***My sister Cristy just sent me this email she wrote to a friend when he asked her to share a personal story from her childhood. Since things have been so heavy around here...I thought I'd share it because 1-its so well written and 2-Its about my best friend growing up. Note: I am "little sister".
When I was about 10 or so, our neighbors’ dog started coming to our place and hanging out. There were a few problems with this new arrangement: one, he was absolutely covered in fleas, this being California and fleas enjoyed life on a dog in the sun; two, my little sister, who was about 4 at the time, loved him and wanted to hug him and carry him around inside the house (see problem one), and finally, it was only barely apparent that this animal was, in fact, a dog and not a large rat who had escaped from a border town. Buddy was ugly on a competitive level—small and nervous, he was a truly hideous mix of a terrier and something else that should never have mixed with a terrier. At best he looked like an evil wizard and at worst, like an overgrown rodent. When my mom realized that our neighbors, who were preparing to move, intended to leave Buddy with us, she gave the dog a bath and he was ours.
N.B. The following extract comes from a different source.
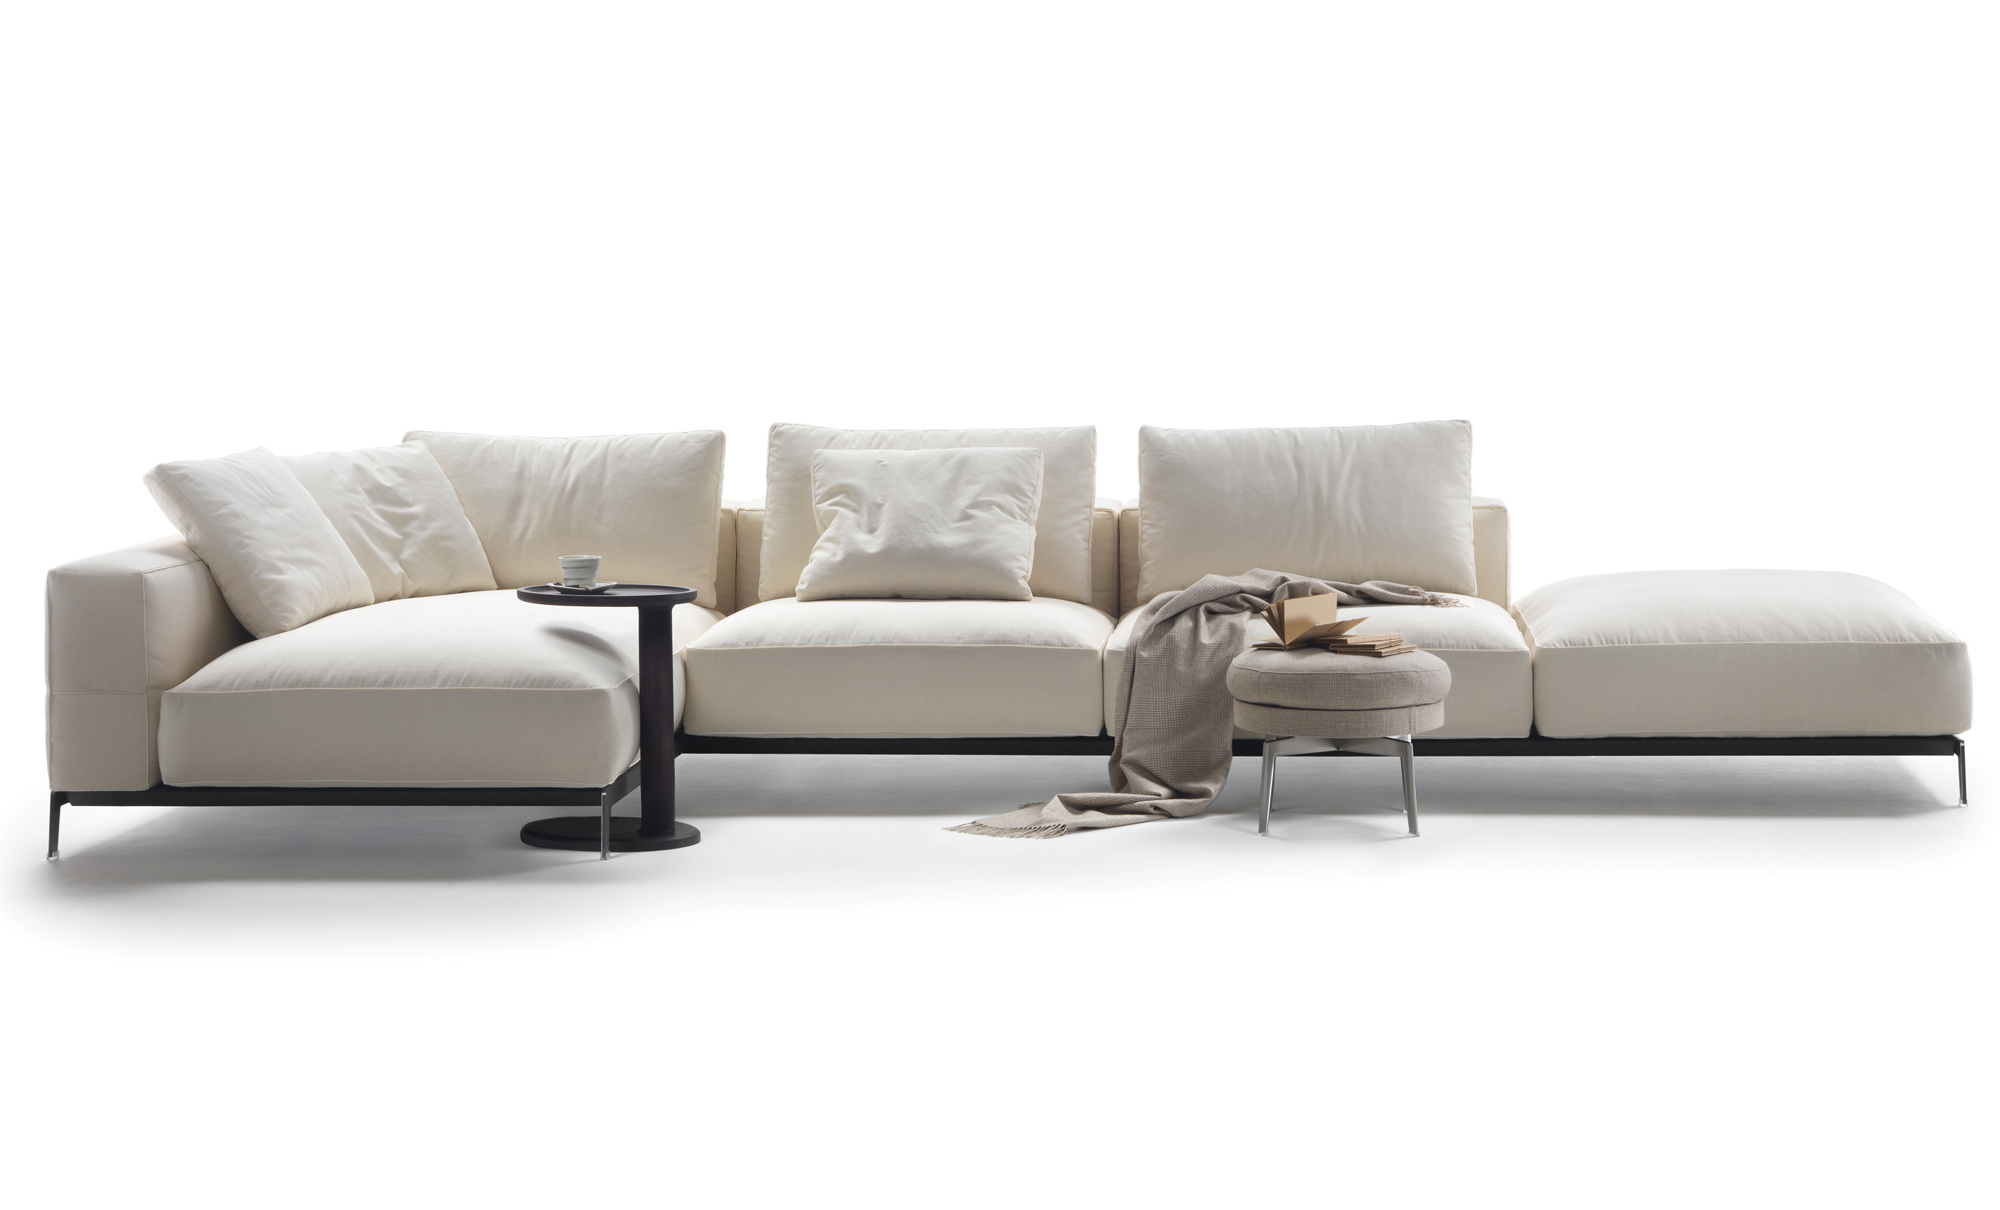 Ettore modular sofa Fanuli Furniture

Buddy had a driving, all consuming passion: he loved tennis balls. He didn’t care if they were dingy and flat or if they were florescent and bouncy, he loved them all equally. And his love wasn’t passive; Buddy would go to any lengths to find and retrieve a tennis ball. You could throw it up a tree and Buddy would climb the tree. Put the tennis ball at the top of a dense five foot high hedge and Buddy would work his way through the hedge and get the ball. Bodies of water, over the next hill, it never mattered where you threw the ball, Buddy would get it, bring it back to you, dropping the slimy greenish sphere of rubber and fuzz expectantly in front of you. He always brought it back. More than once when we took Buddy hiking or camping, he would grow frantic in one particular area of the campground, barking, running around in circles, and then he would start digging. Once he dug a 4 foot hole and there, underneath it all, was a filthy tennis ball that he triumphantly carried up out of his hole and dropped in front of us. His dedication to tennis balls would have shamed the even the most crazed fanatic.
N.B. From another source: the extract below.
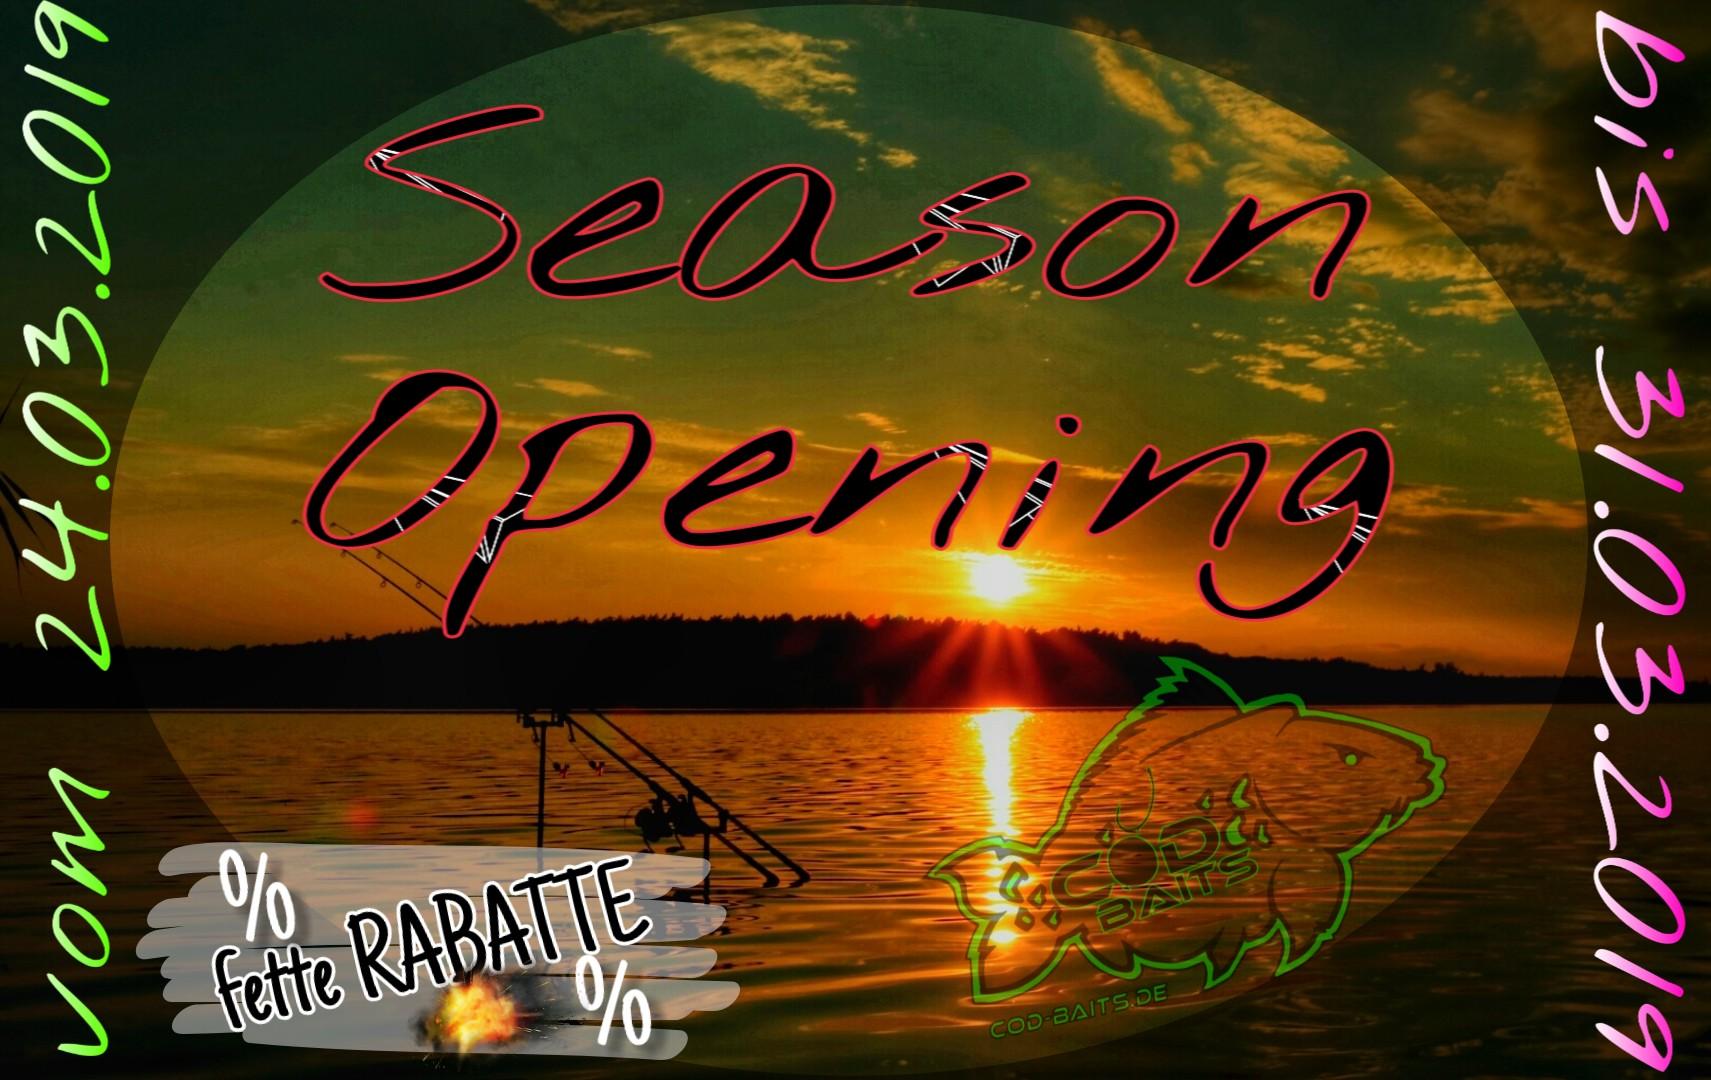 Season Opening

Buddy was small—about the size of a large cat. But despite his diminutive stature, Buddy survived a rattlesnake bite (we got him to the vet in time to save him), an attack from a bobcat who ripped a gash in his side and years later, an attack from a protective mother deer who slashed his nose open and gave him a concussion. He fell in a 20 foot hole. I once accidentally slammed 2 inches of his tail in the door, cutting off its tip so that blood flung around the room with every wag of his tail.
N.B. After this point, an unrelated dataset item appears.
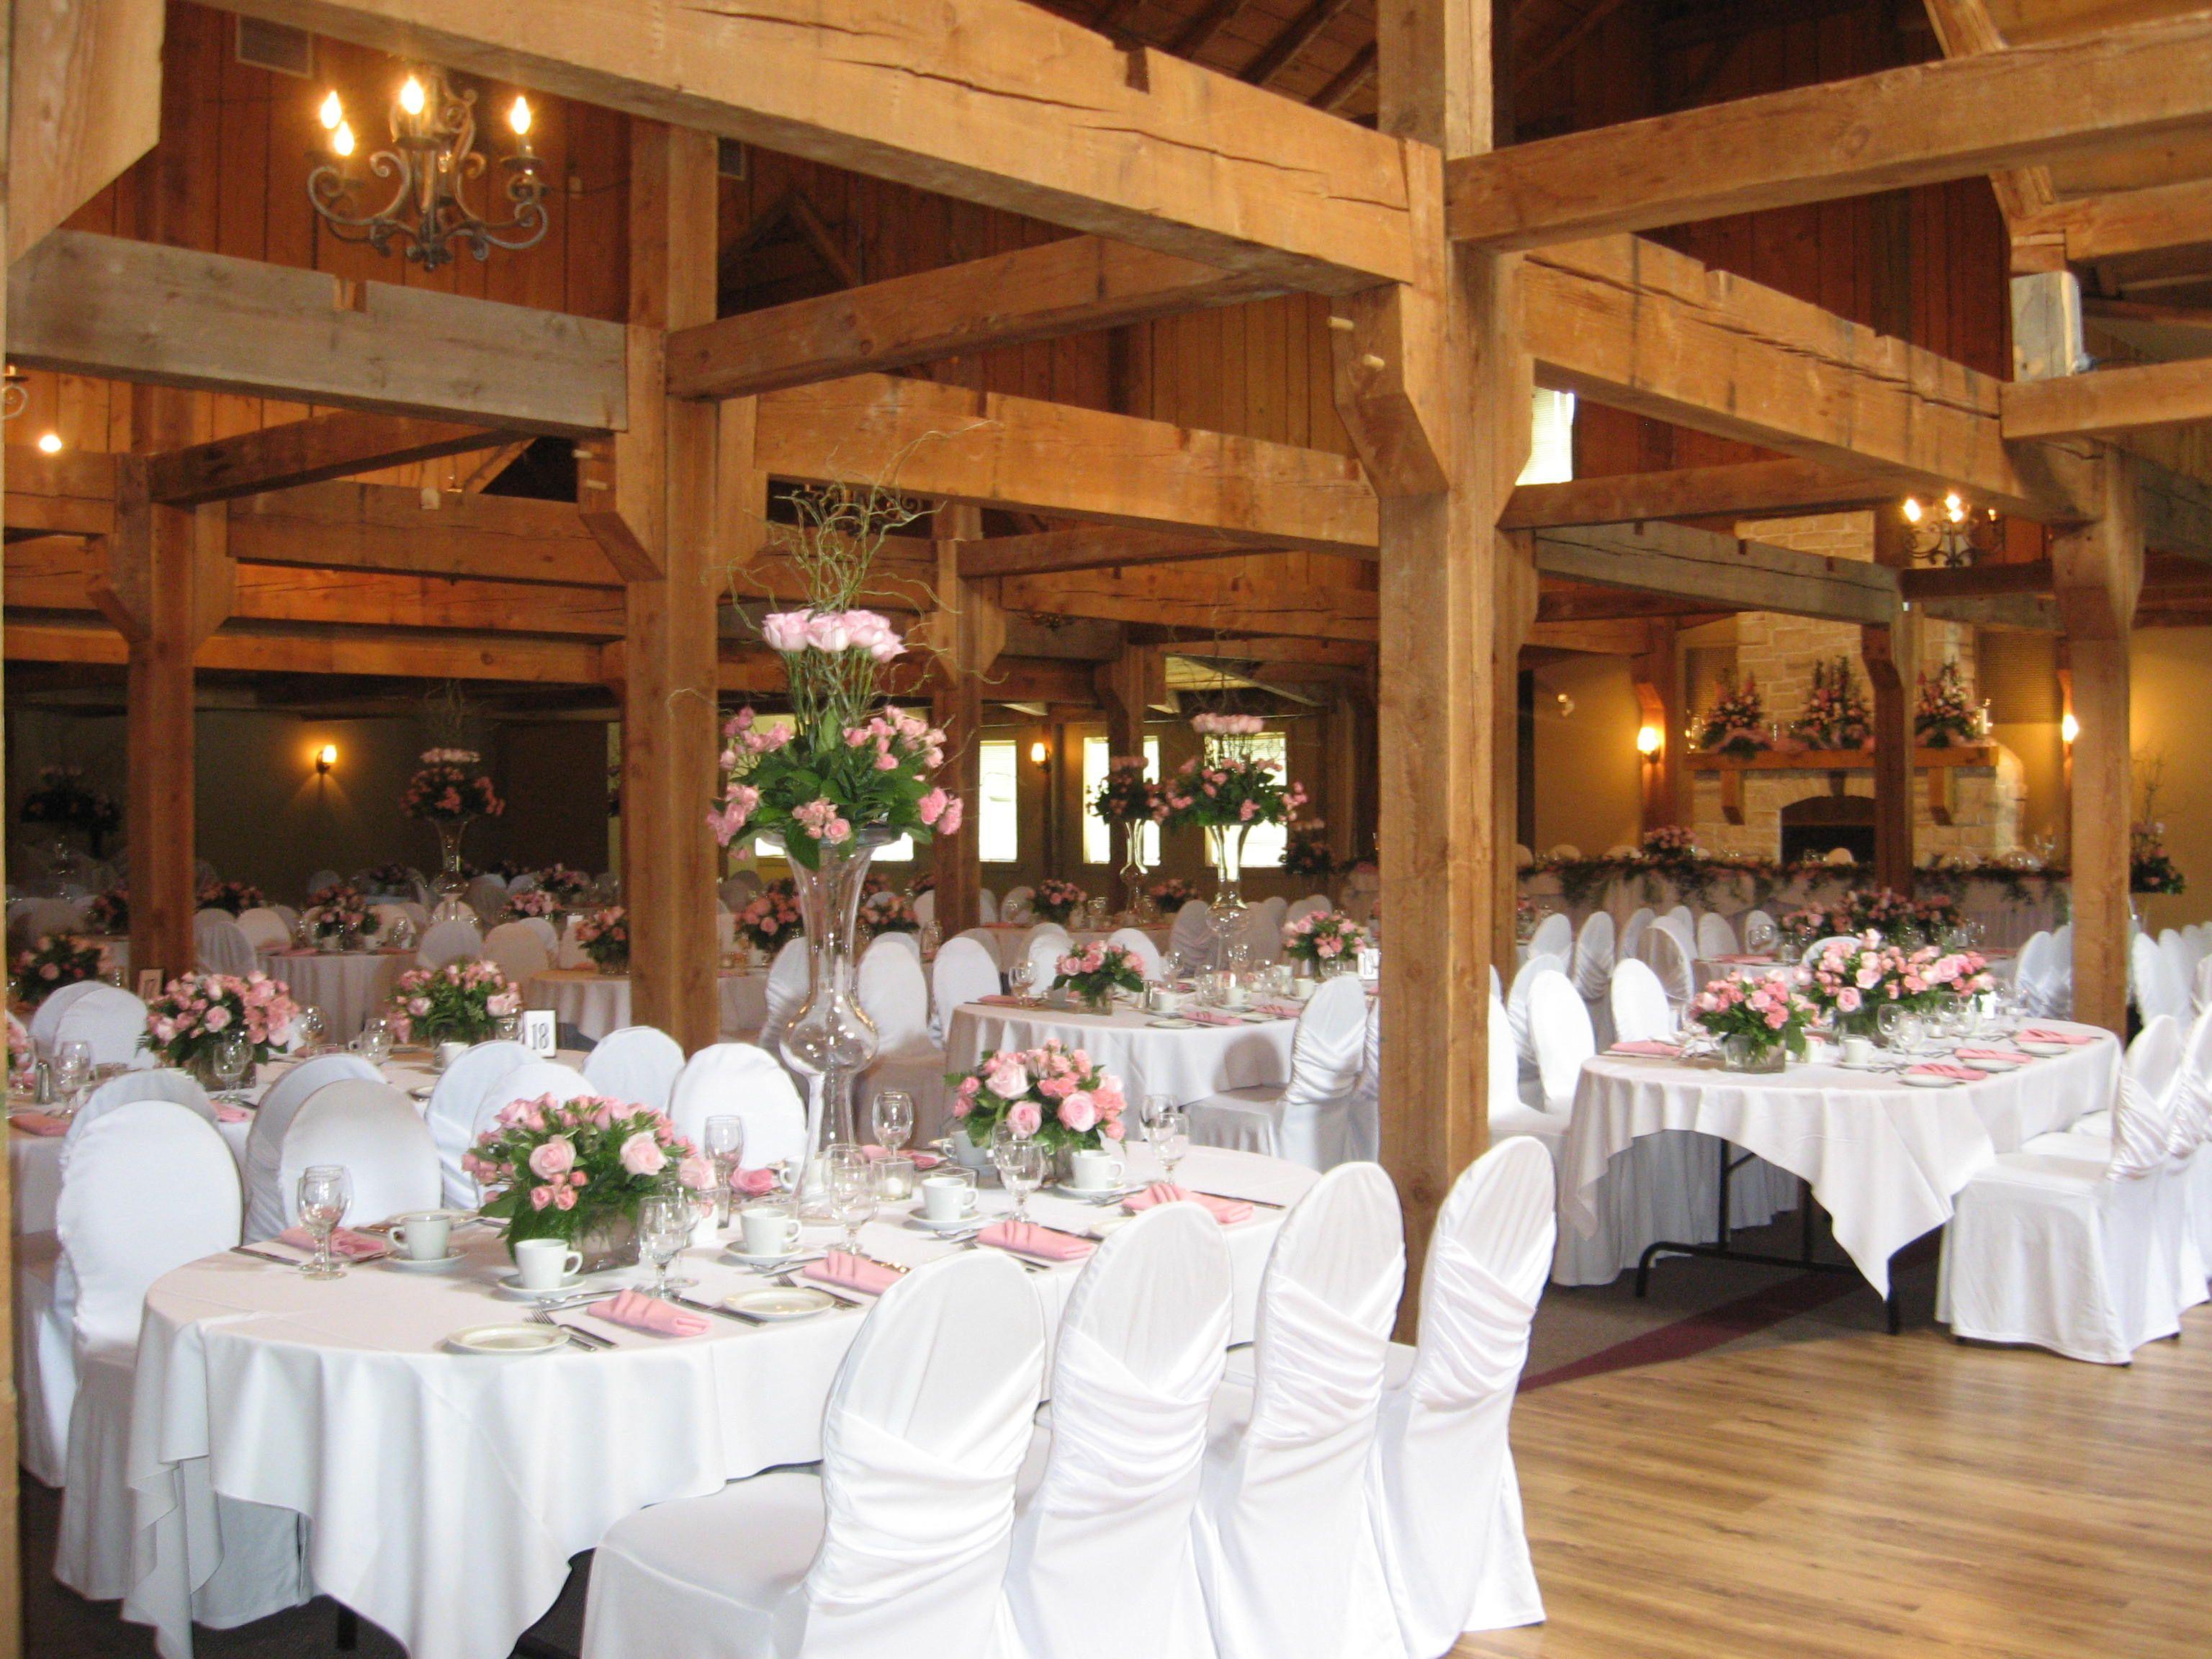 Wedding at Bellamere Winery | Wedding venues, Wedding ...

Tennis balls were his life’s work, but Buddy still found time for romance. He found love in the form of a green and purple knitted afghan that he humped with joy and shameless abandon just about every day of his life.
Buddy must have also felt a certain affection for us, his people. He allowed my sister to regularly dress him up in a bonnet with lace trim and put him in her doll stroller. He’d sit there, if not exactly proud, at least resigned, like Merlin’s less attractive wizard counterpart with shaggy whiskers and fugitive eyes darting from underneath a pink bonnet.
I was living across the country when old age and sickness brought Buddy’s life to an end. I wasn’t there when his eye sight deteriorated, but from all accounts, poor vision never stopped him from darting off after a tennis ball rolled across the room. He didn’t need to see it; like anyone with a consuming passion, he found a way to continue to do what love ‘til the end. I suppose he knew tennis balls by their smell. We buried him at home, marking his grave with a tennis ball nailed to a wooden slat.